# Data provided
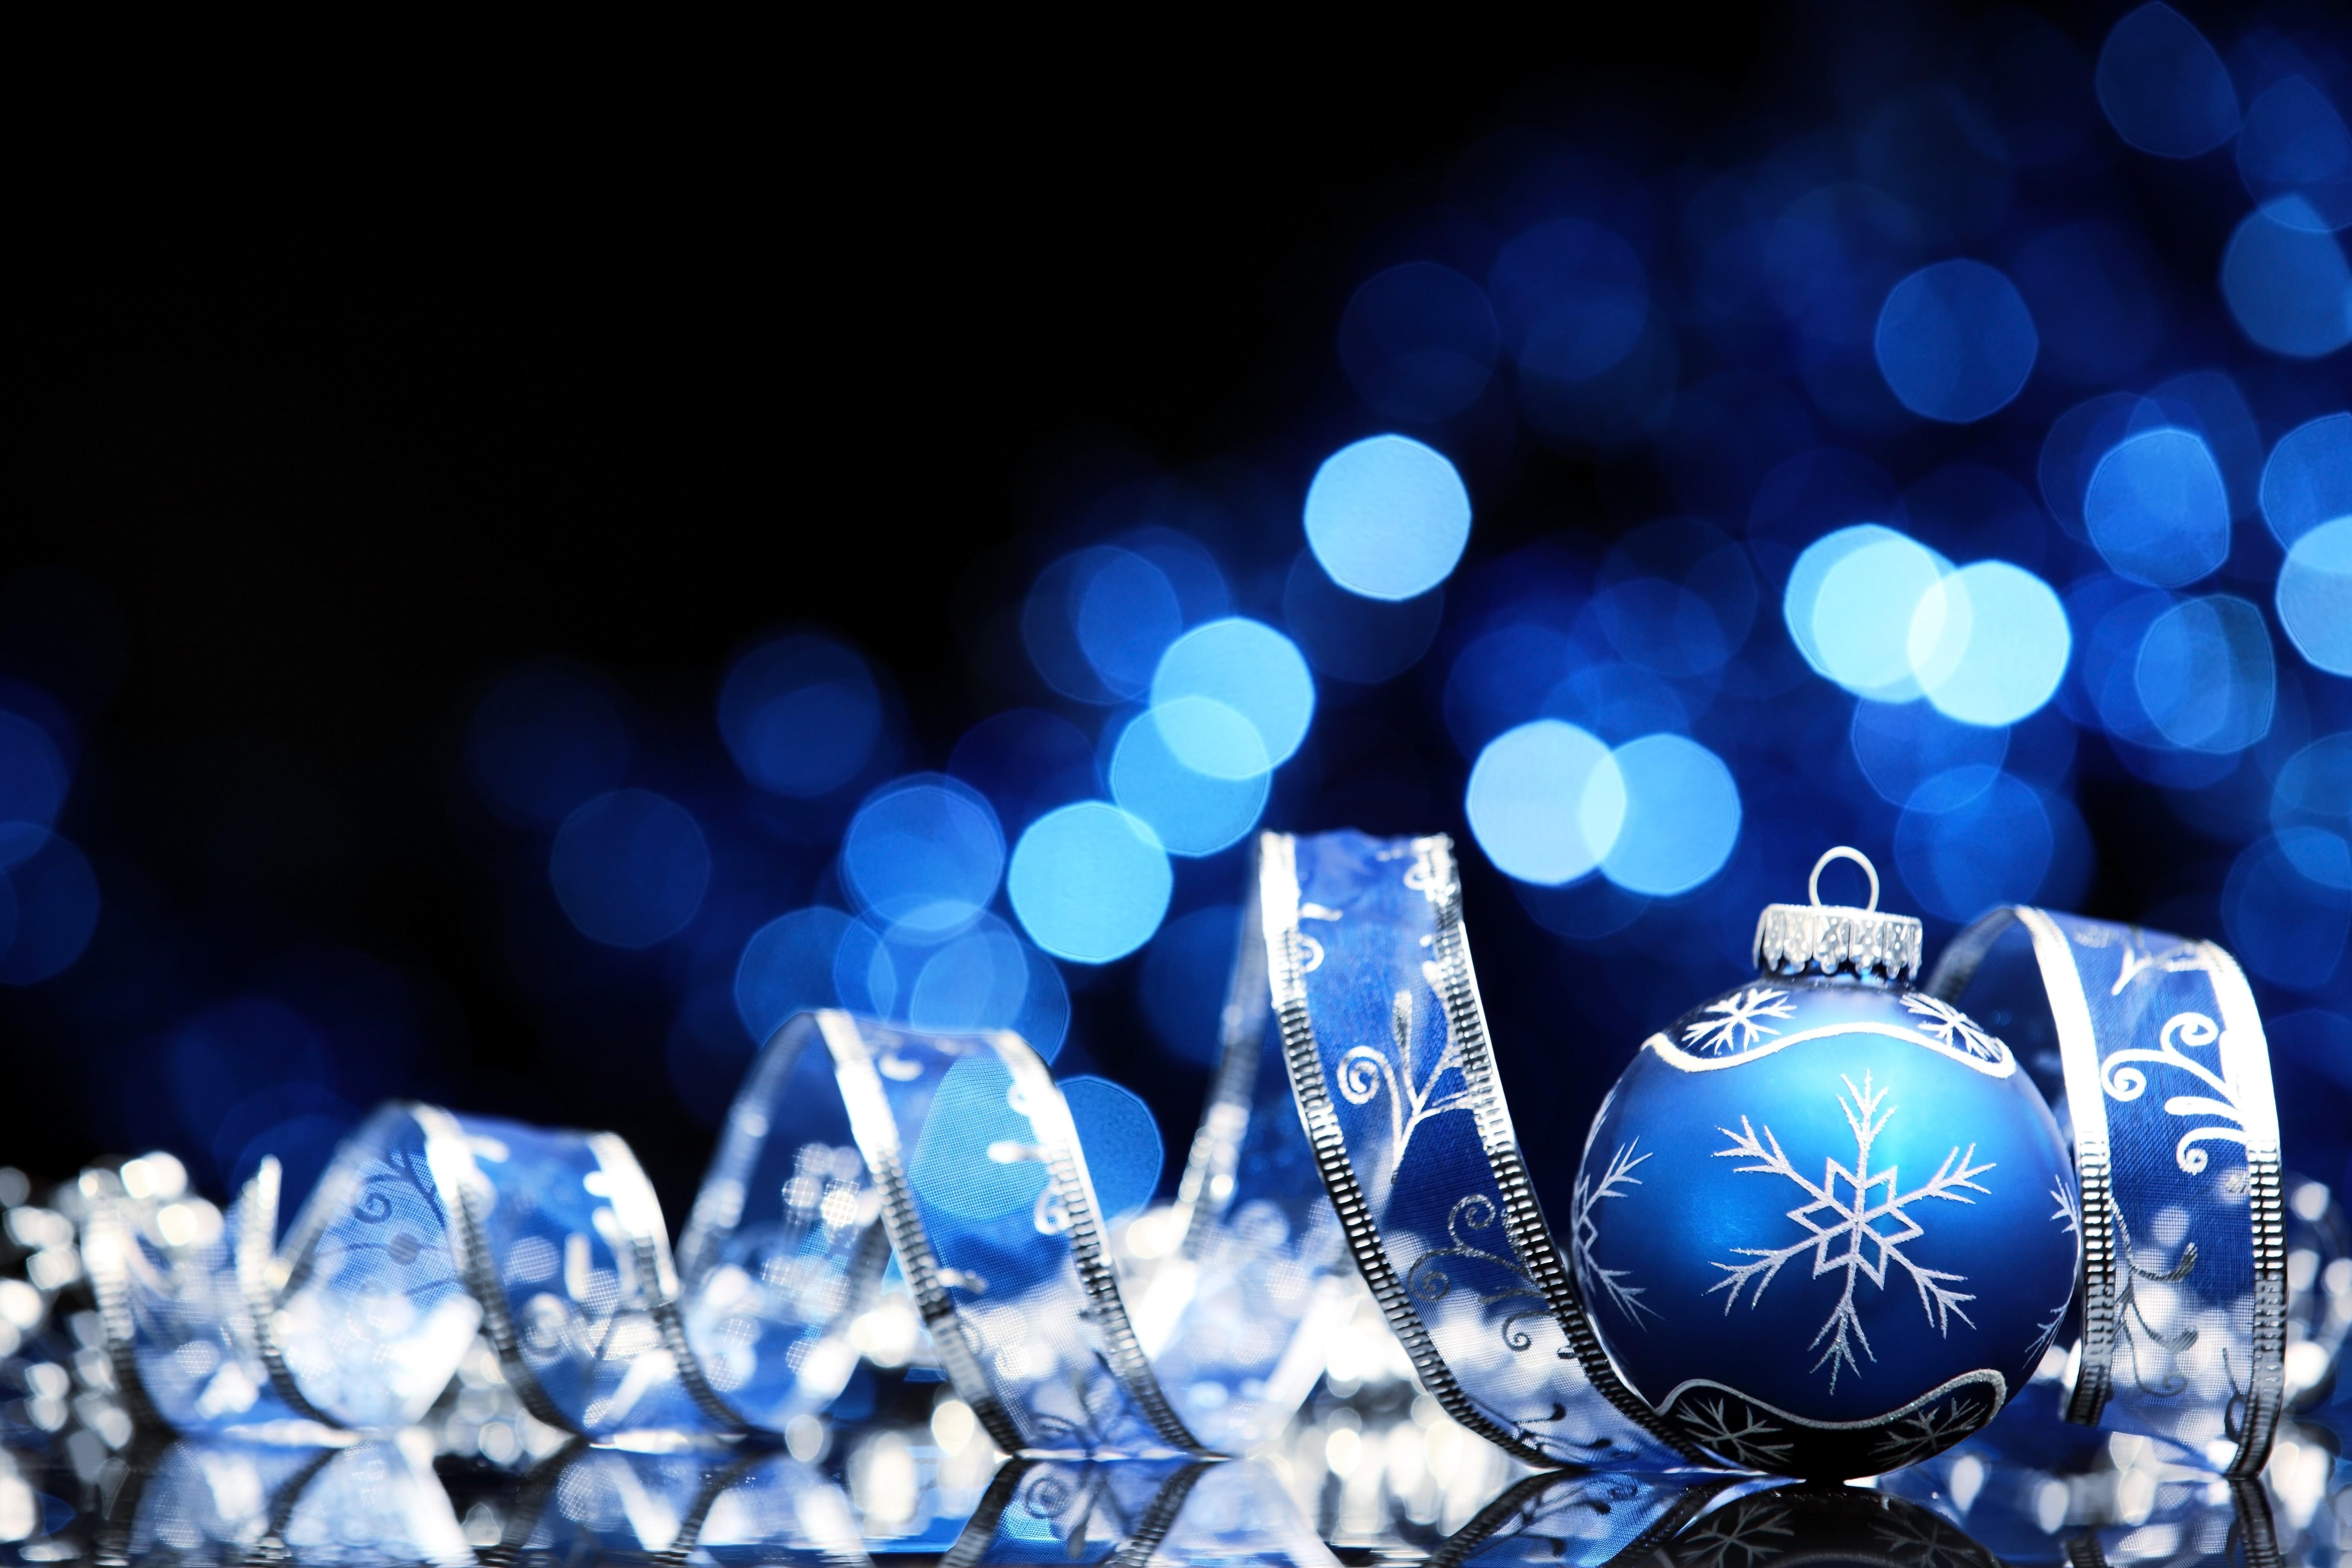 Wallpaper : night blue christmas ornaments christmas lights
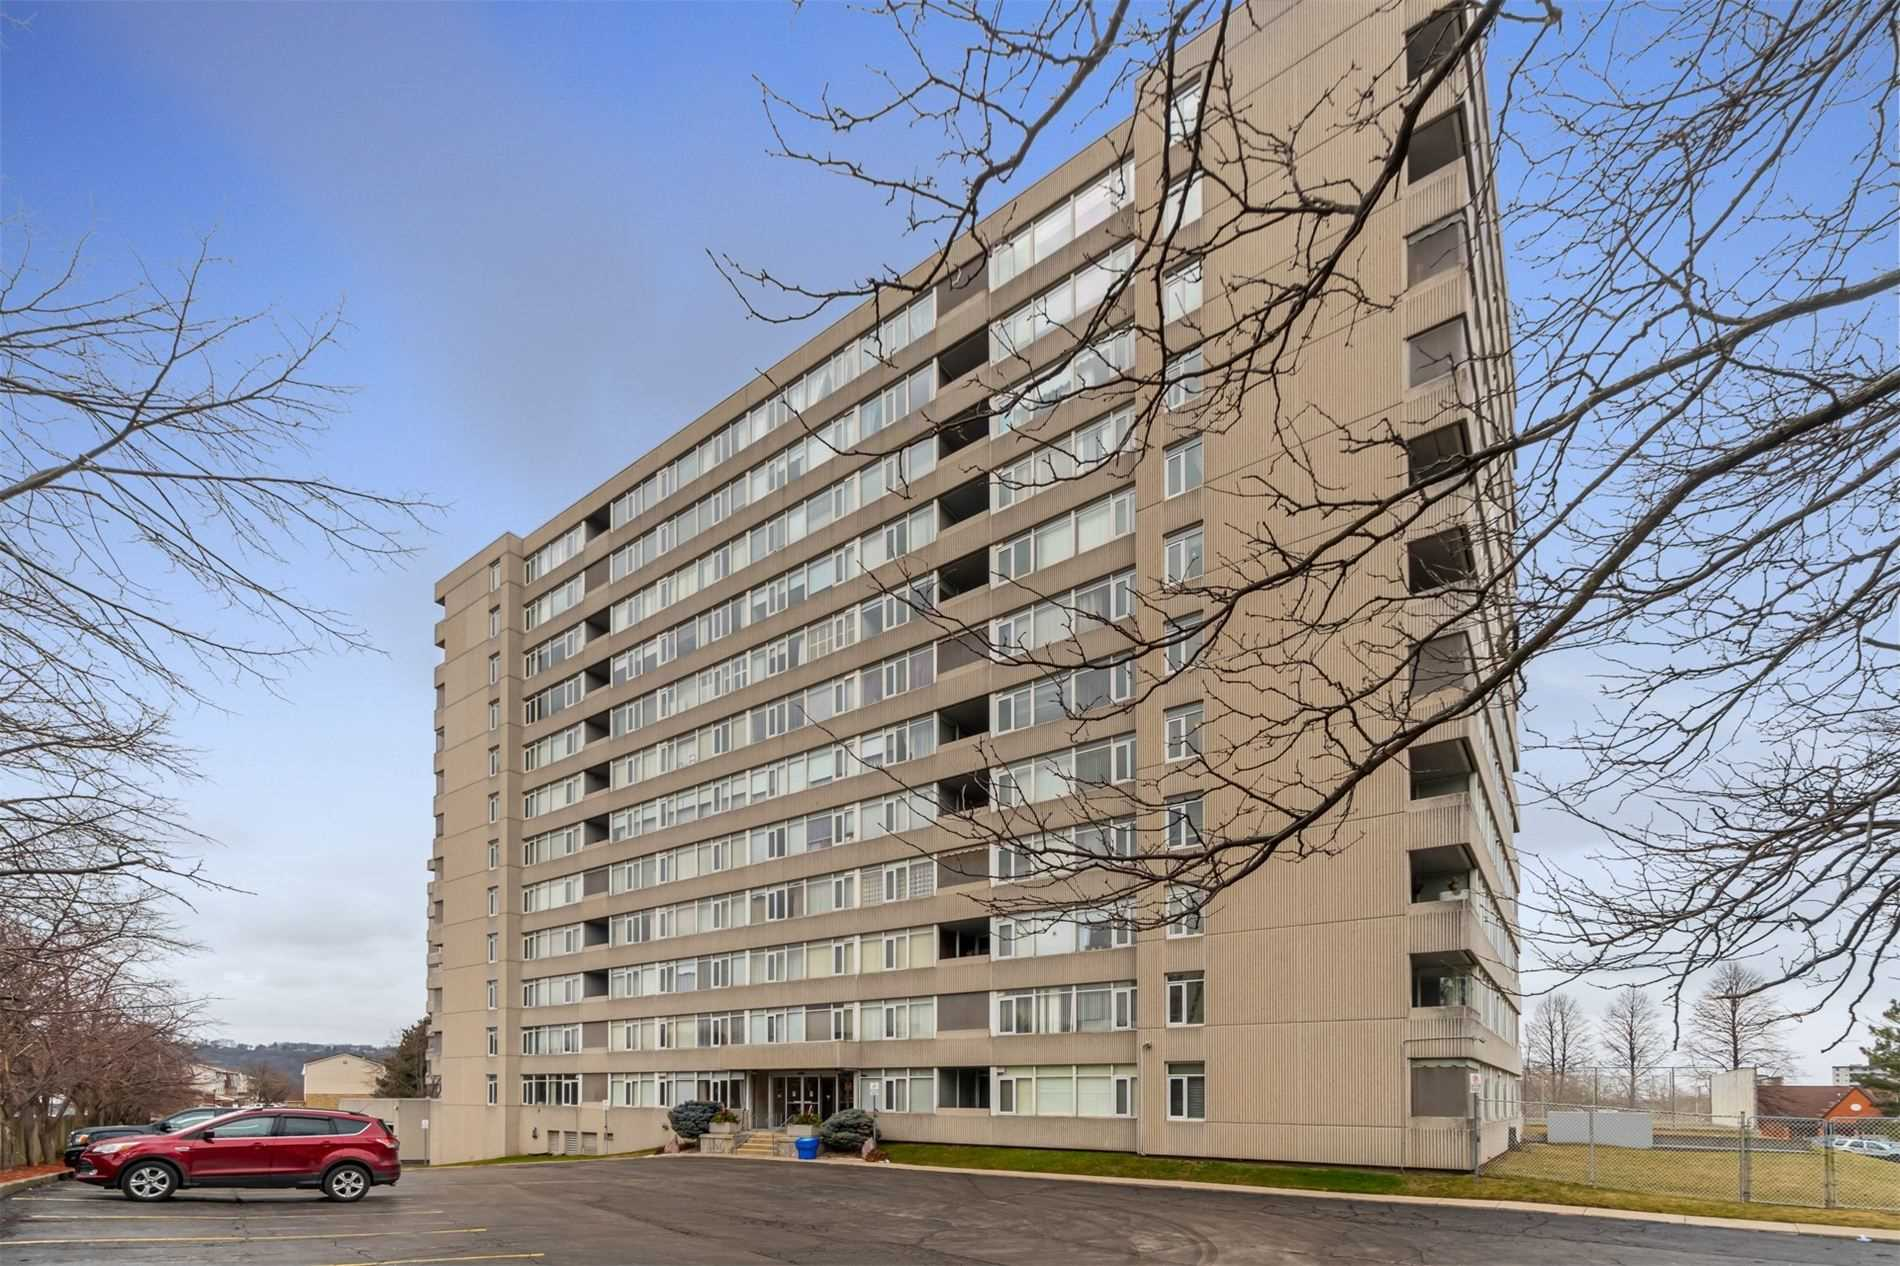 40 Harrisford St, Hamilton
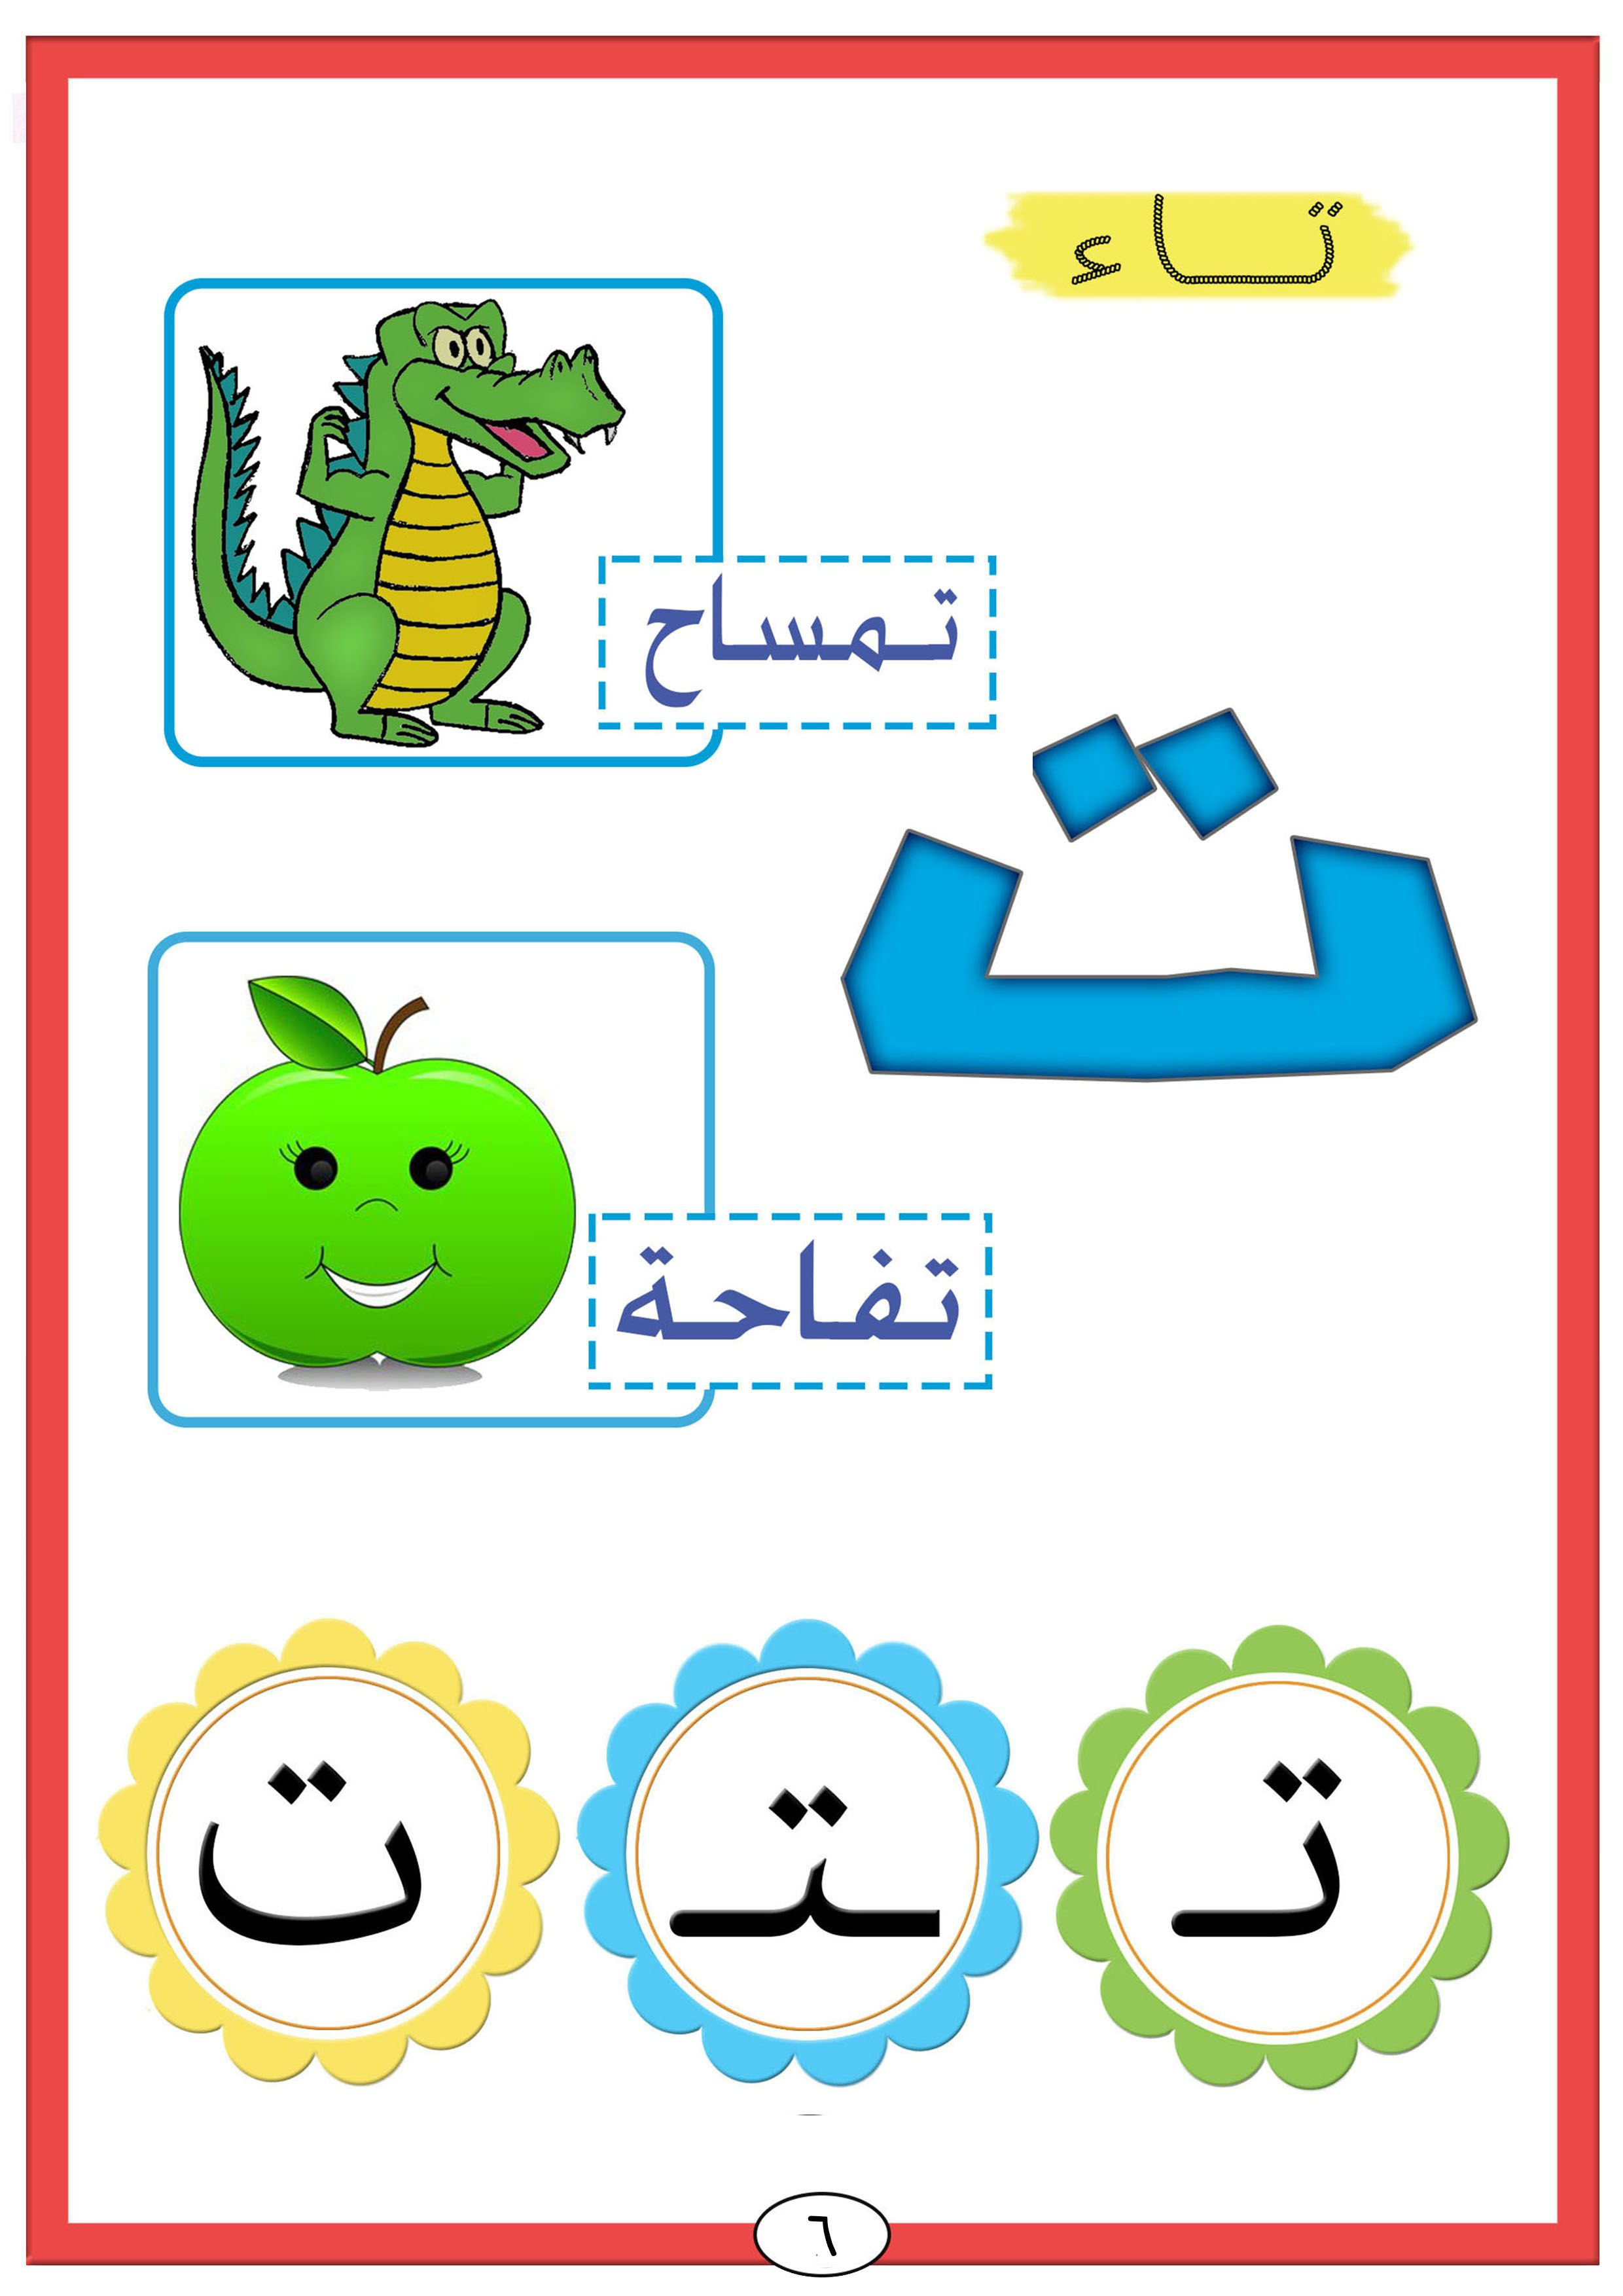 how to learn arabic alphabet reddit

# Brief
The listing above should be transcribed word for word, with its pictures left out.

# Output for this exercise
 Wallpaper : night blue christmas ornaments christmas lights
 40 Harrisford St, Hamilton
 how to learn arabic alphabet reddit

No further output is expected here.